5.An adhesion code ensures robust pattern formation during tissue morphogenesis

DOI: 10.1126/science.aba6637

https://www.science.org/doi/10.1126/science.aba6637

This study investigates how specific cell types organize themselves during animal development, focusing on the zebrafish spinal cord. Despite noisy signaling and large-scale cellular changes, neural progenitors in the zebrafish spinal cord form consistent spatial patterns.

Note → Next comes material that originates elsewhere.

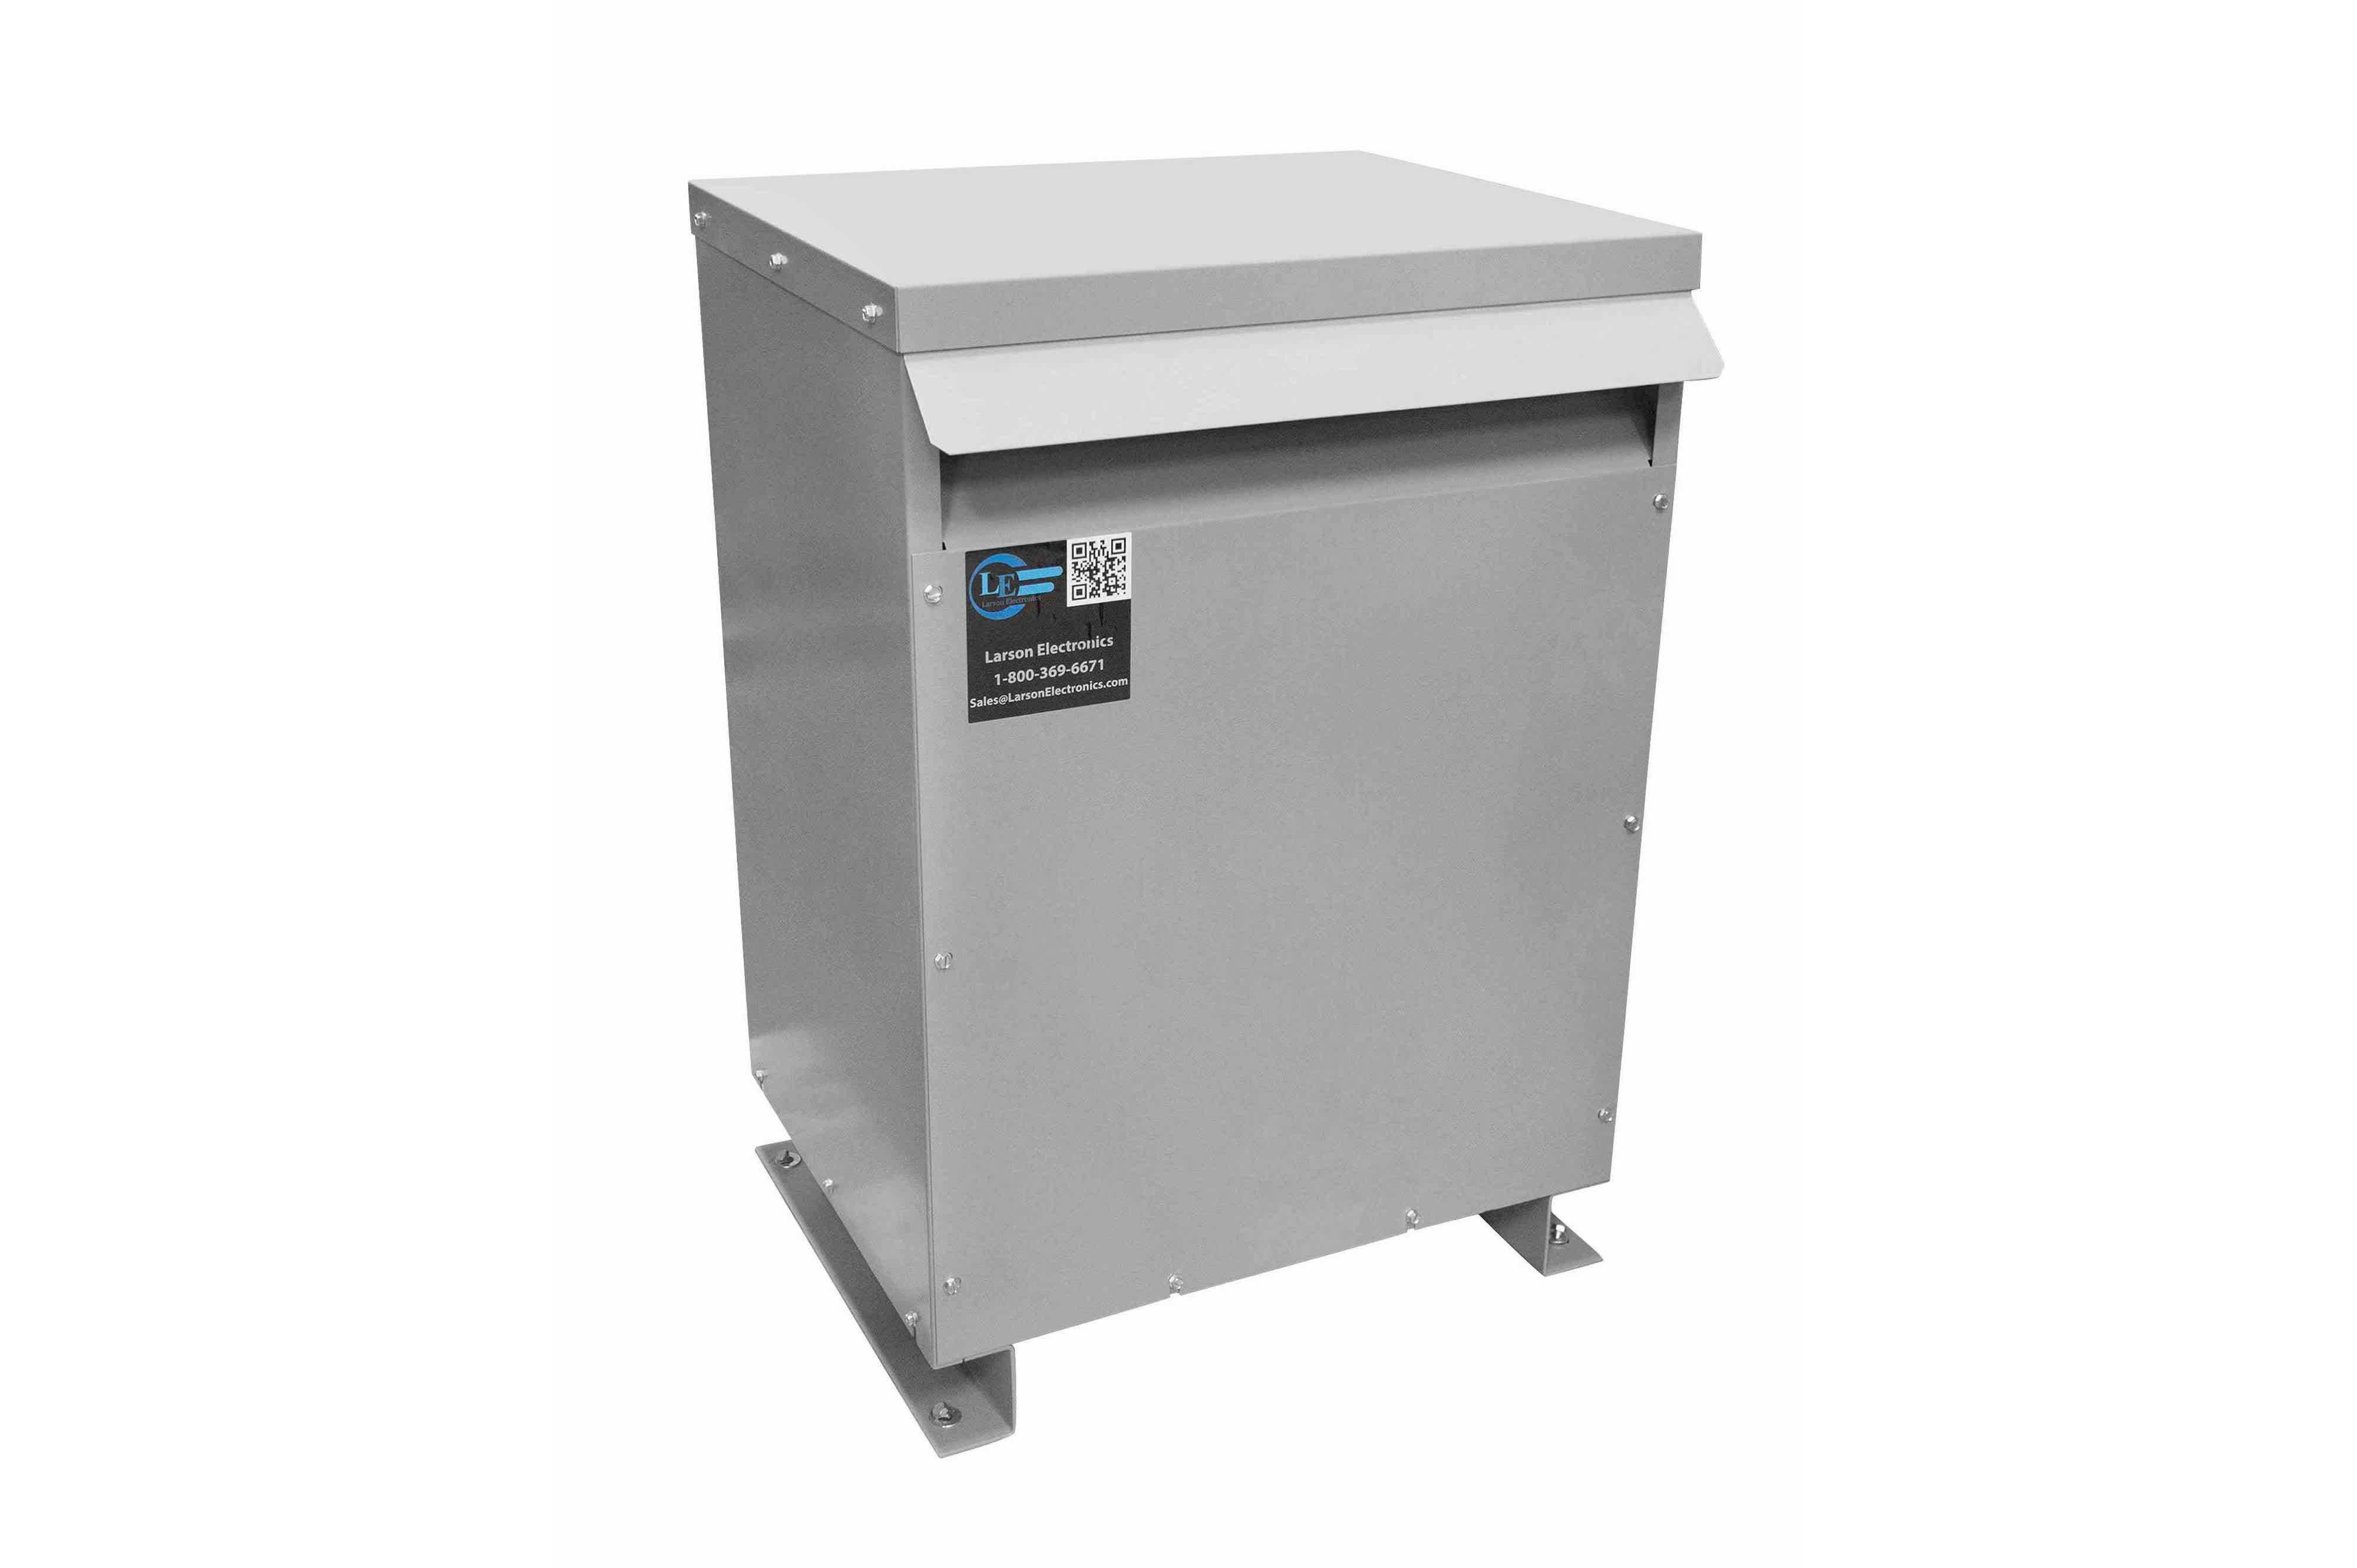 100 kVA 3PH Isolation Transformer, 575V Wye Primary, 415Y/240 Wye-N Secondary, N3R, Ventilated, 60 Hz
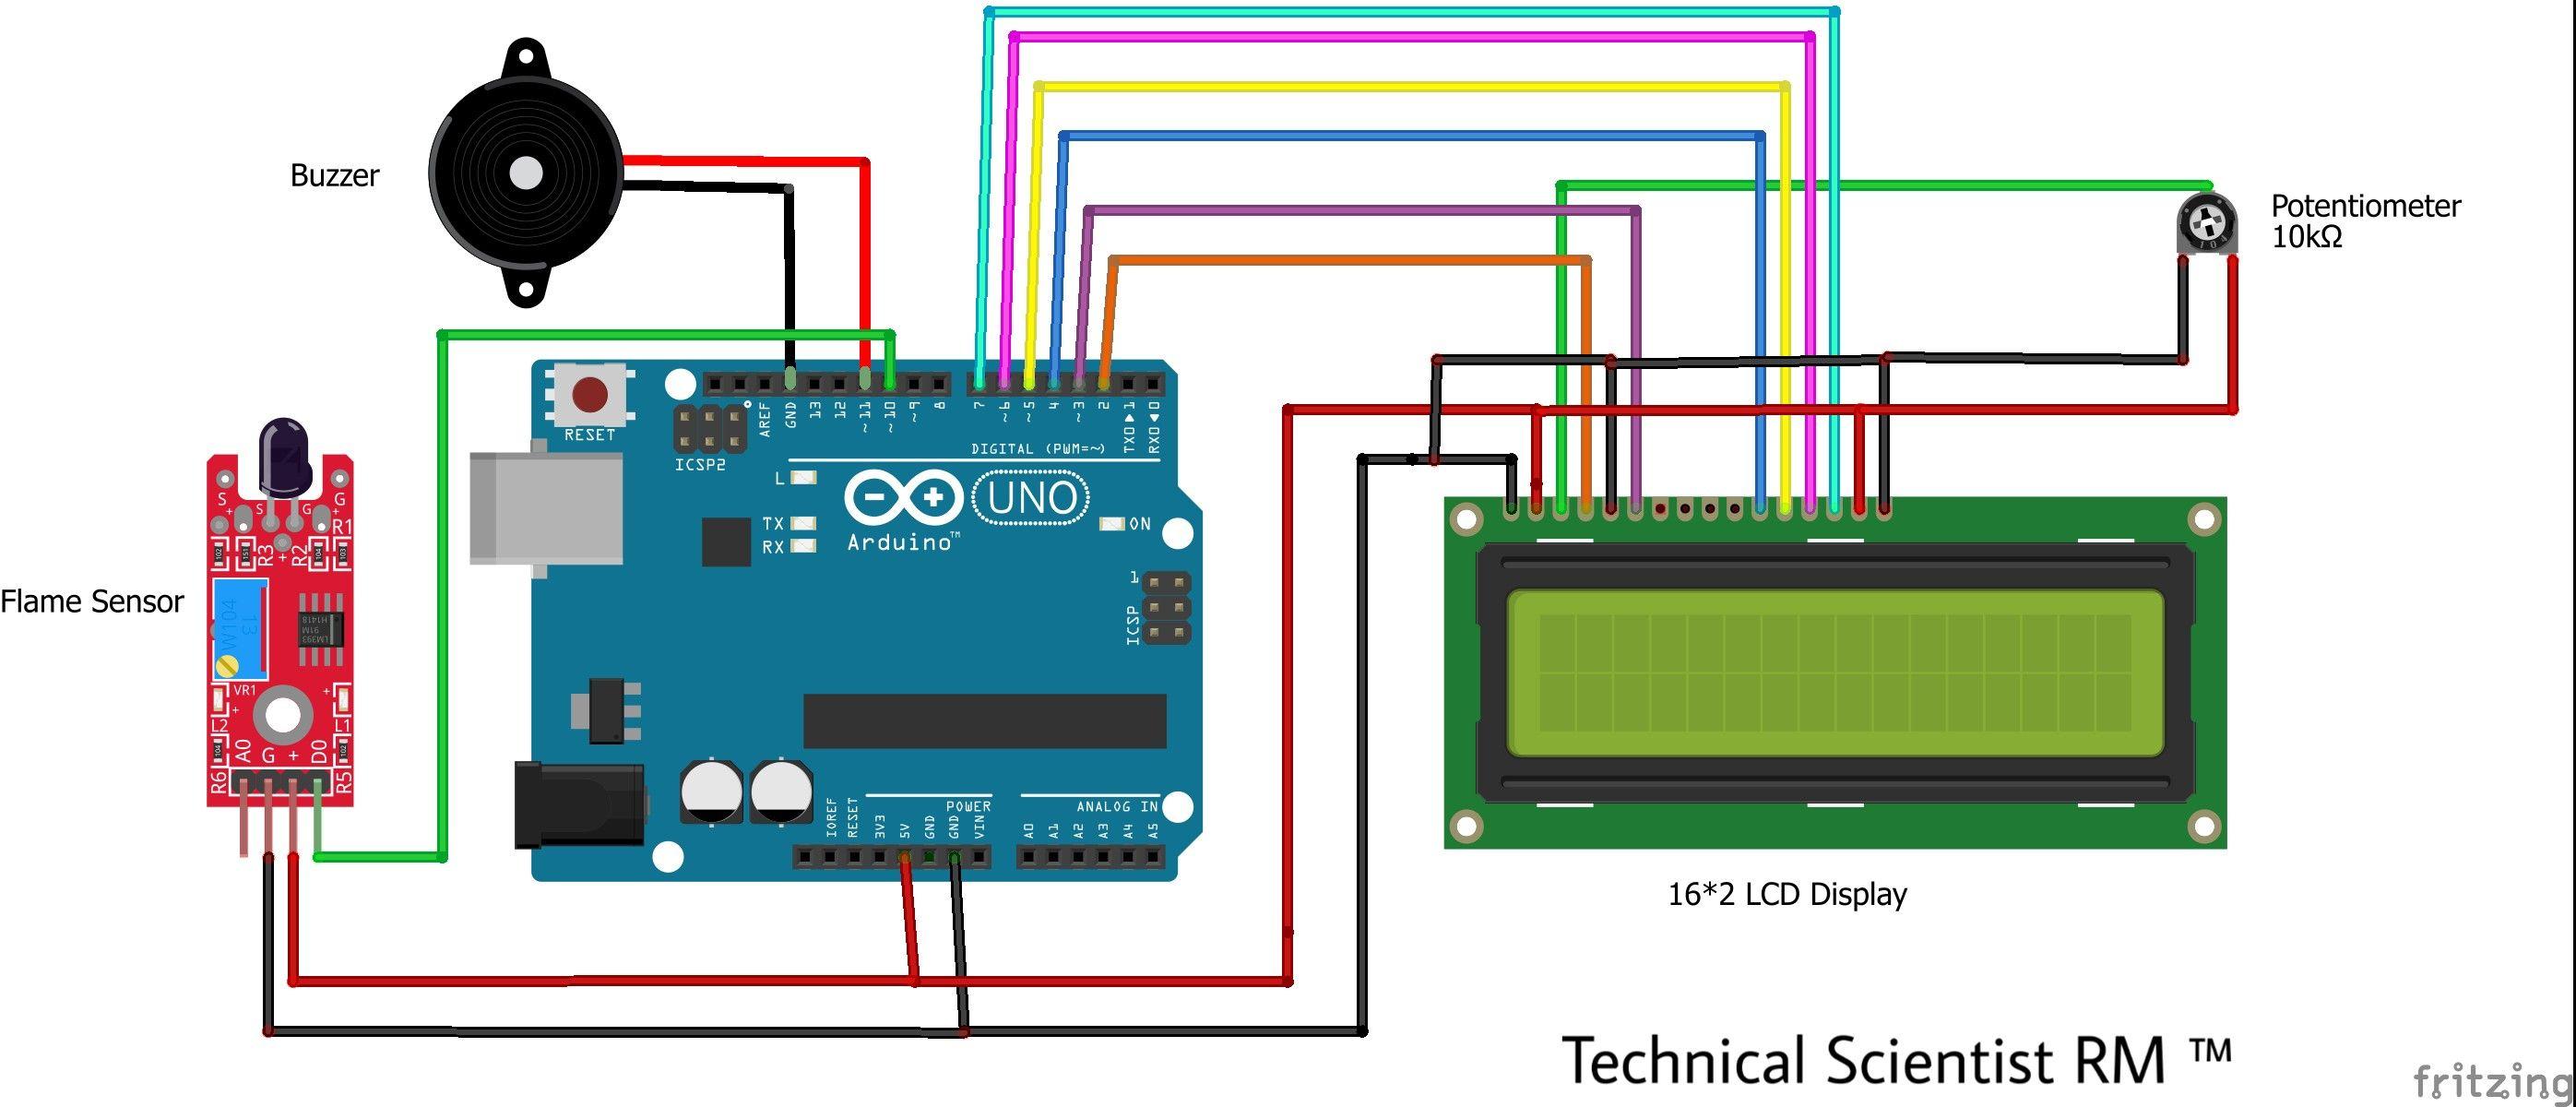 Fire Alarm Using Flame Sensor Lcd Display 16 2 Arduino Sensor Fire Alarm Arduino

By measuring adhesion forces and preferences of different neural progenitor types, the researchers support the "differential adhesion model," suggesting that variations in cell-to-cell adhesion drive cell sorting. They found that different types of neural progenitors express different combinations of adhesion molecules, resulting in preferences for like cells and robust patterning. Additionally, they discovered that the sonic hedgehog morphogen gradient regulates this adhesion code. Overall, the study proposes that the interplay between adhesion-based self-organization and morphogen-directed patterning contributes to the robust spatial organization observed during tissue morphogenesis.